» **TASK PROMPT**
Beginning with the line that contains "H&M Conscious Exclusive AW19 –blommig kjol" and ending with the line that contains "best wallpaper of", reproduce the lines of the entries below exactly, omitting pictures.

SOURCE INFORMATION: Begin

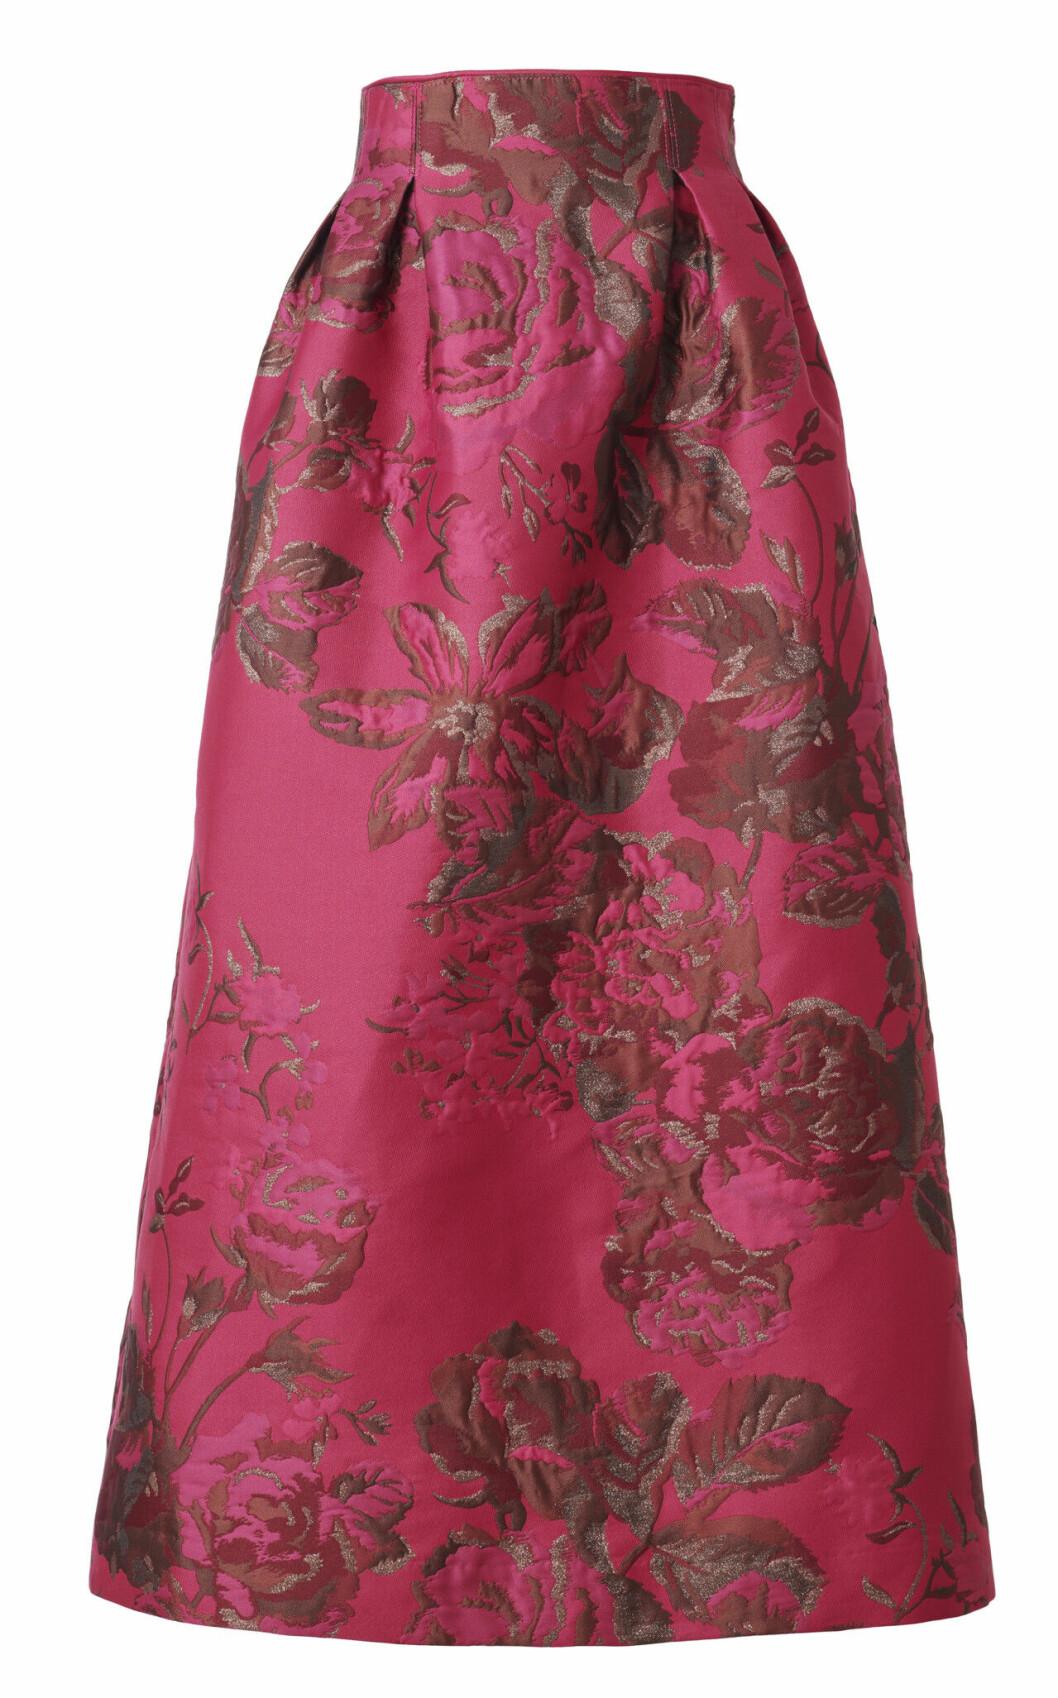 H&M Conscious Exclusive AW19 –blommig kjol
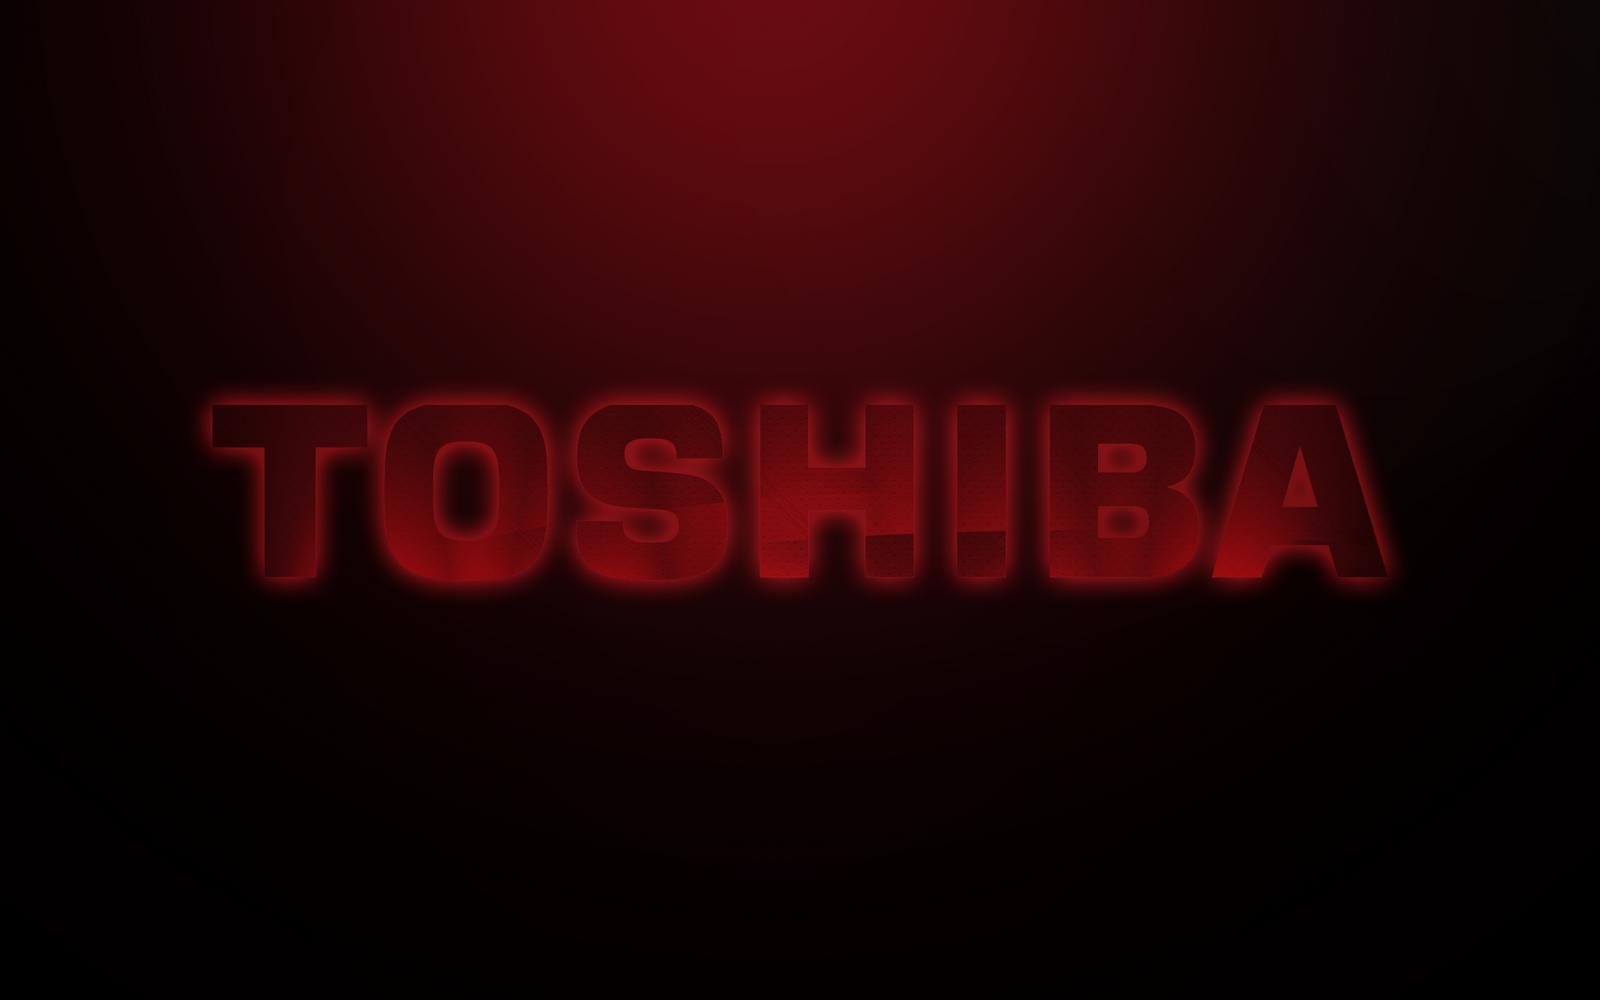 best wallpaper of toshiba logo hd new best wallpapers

SOURCE INFORMATION: End
SOURCE INFORMATION: Begin

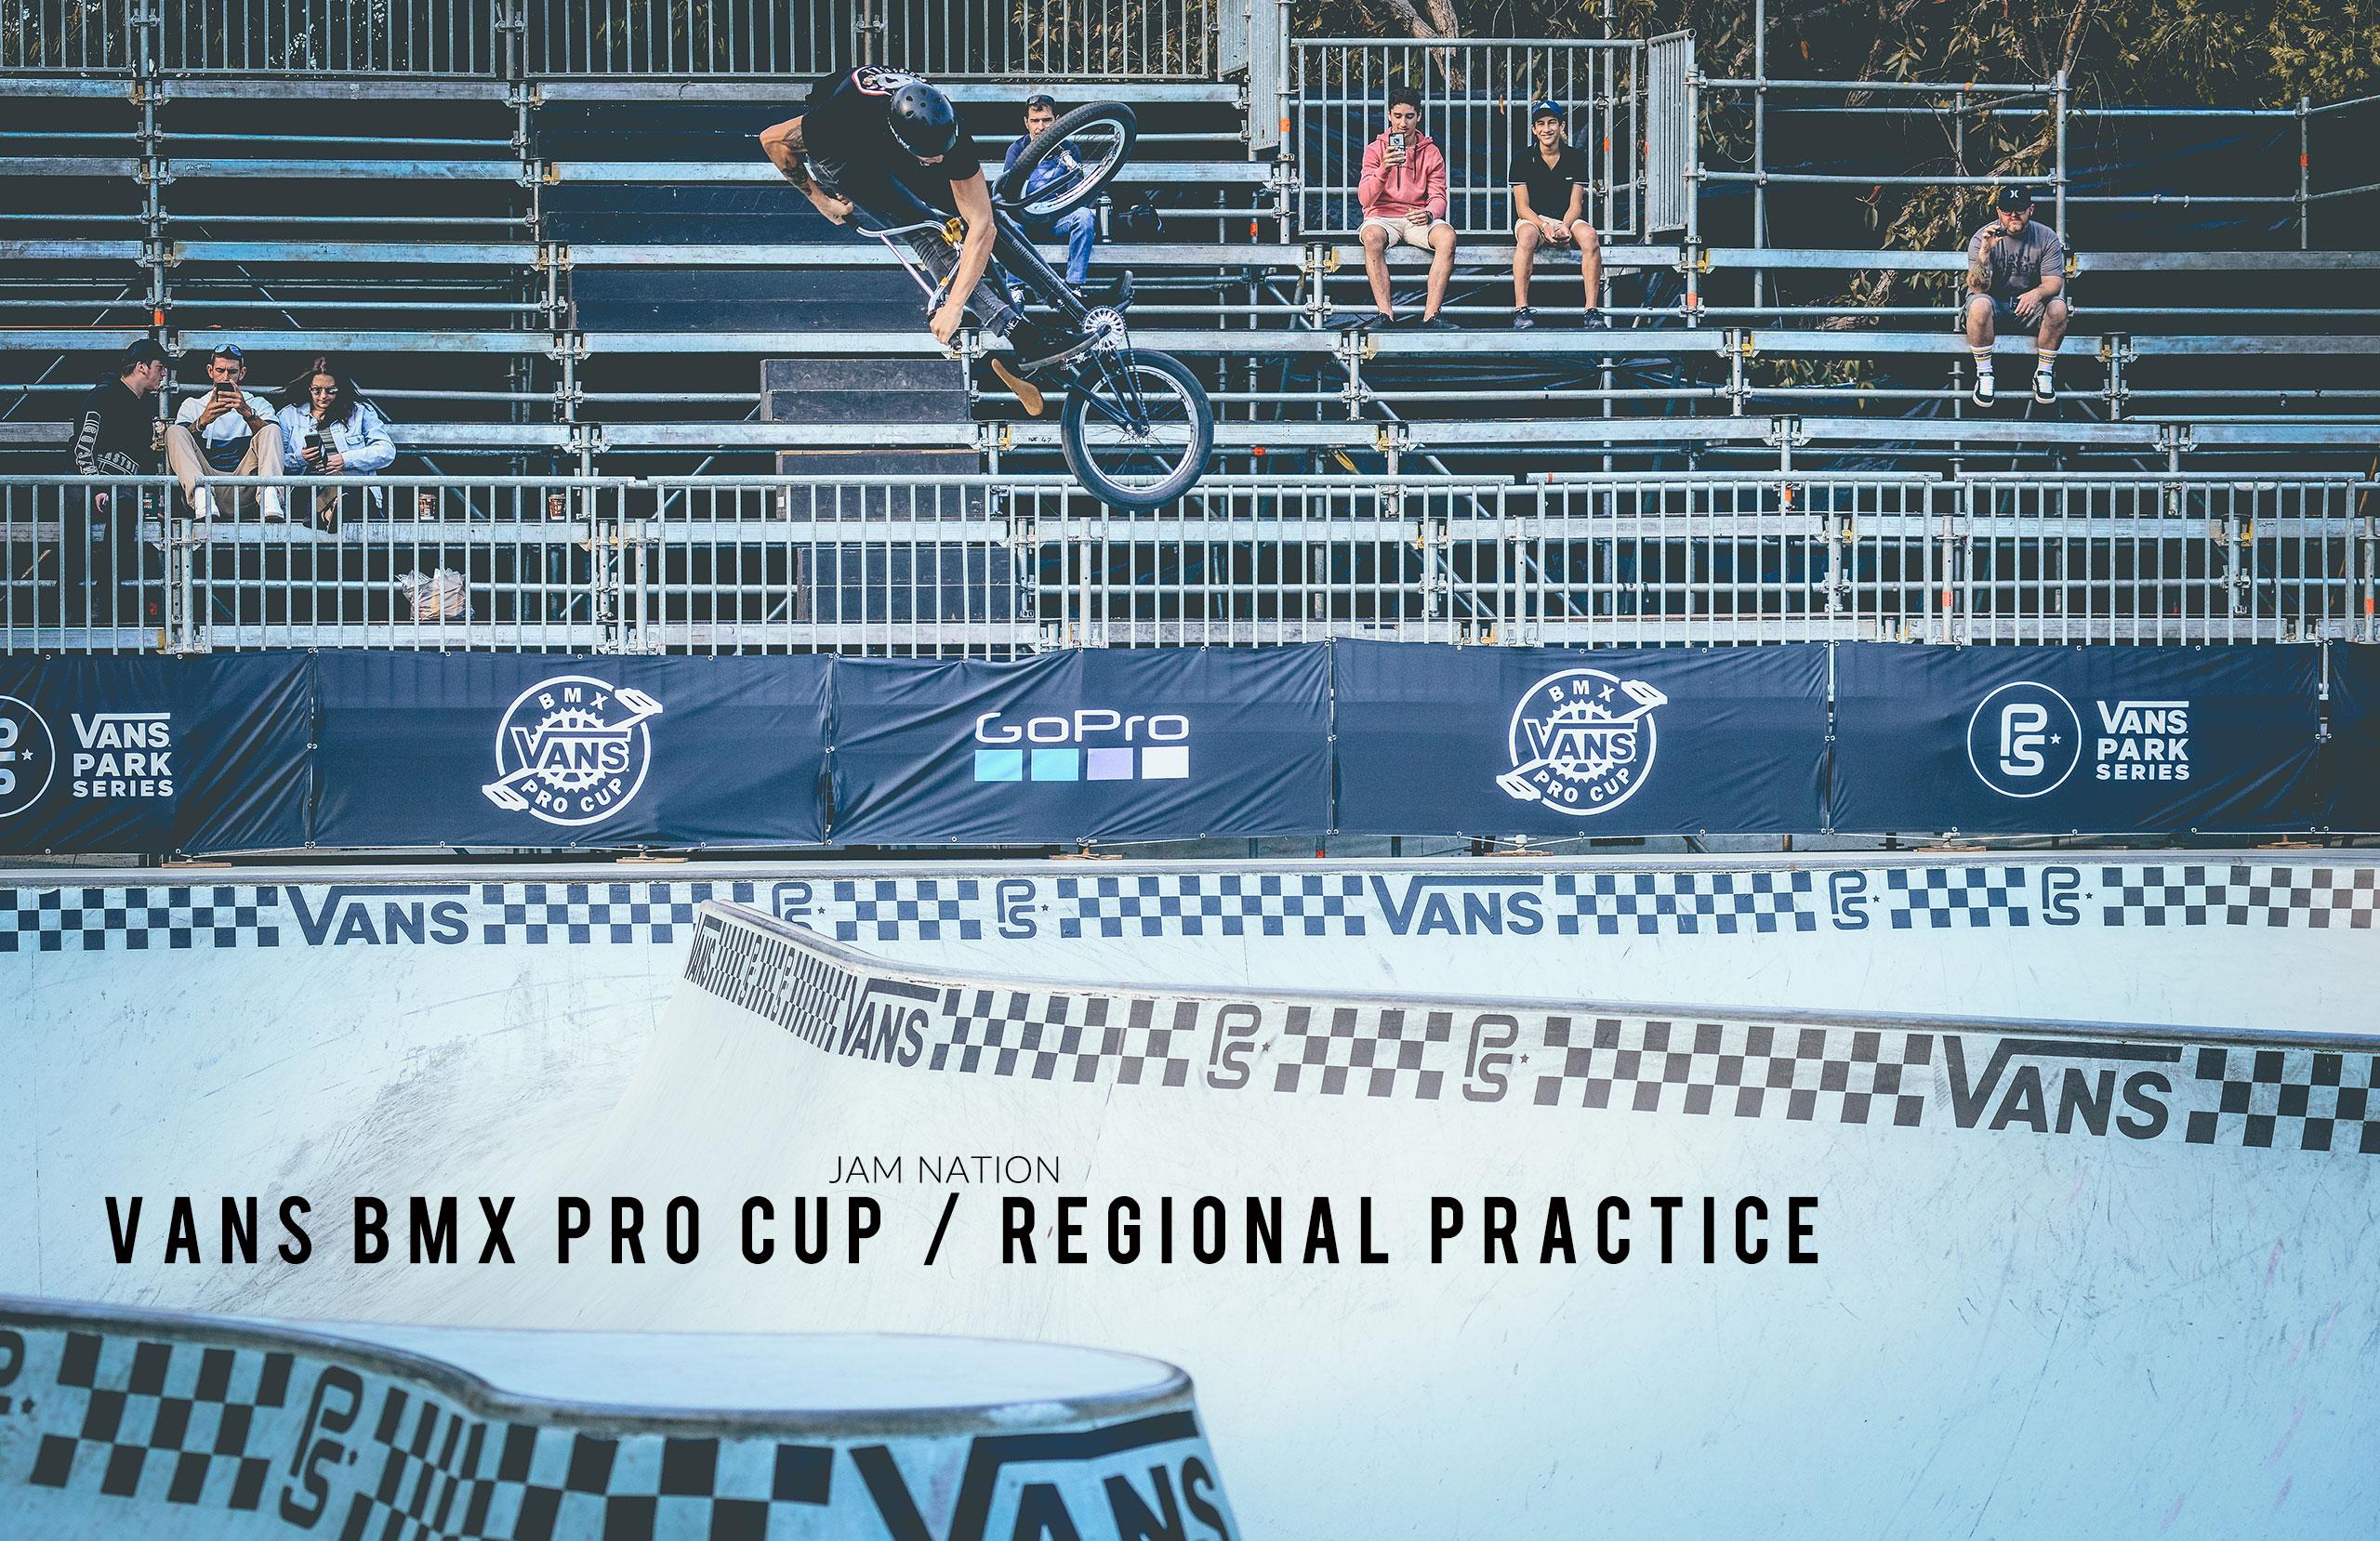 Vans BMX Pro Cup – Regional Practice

SOURCE INFORMATION: End

» **RESPONSE AREA**
 H&M Conscious Exclusive AW19 –blommig kjol
 best wallpaper of toshiba logo hd new best wallpapers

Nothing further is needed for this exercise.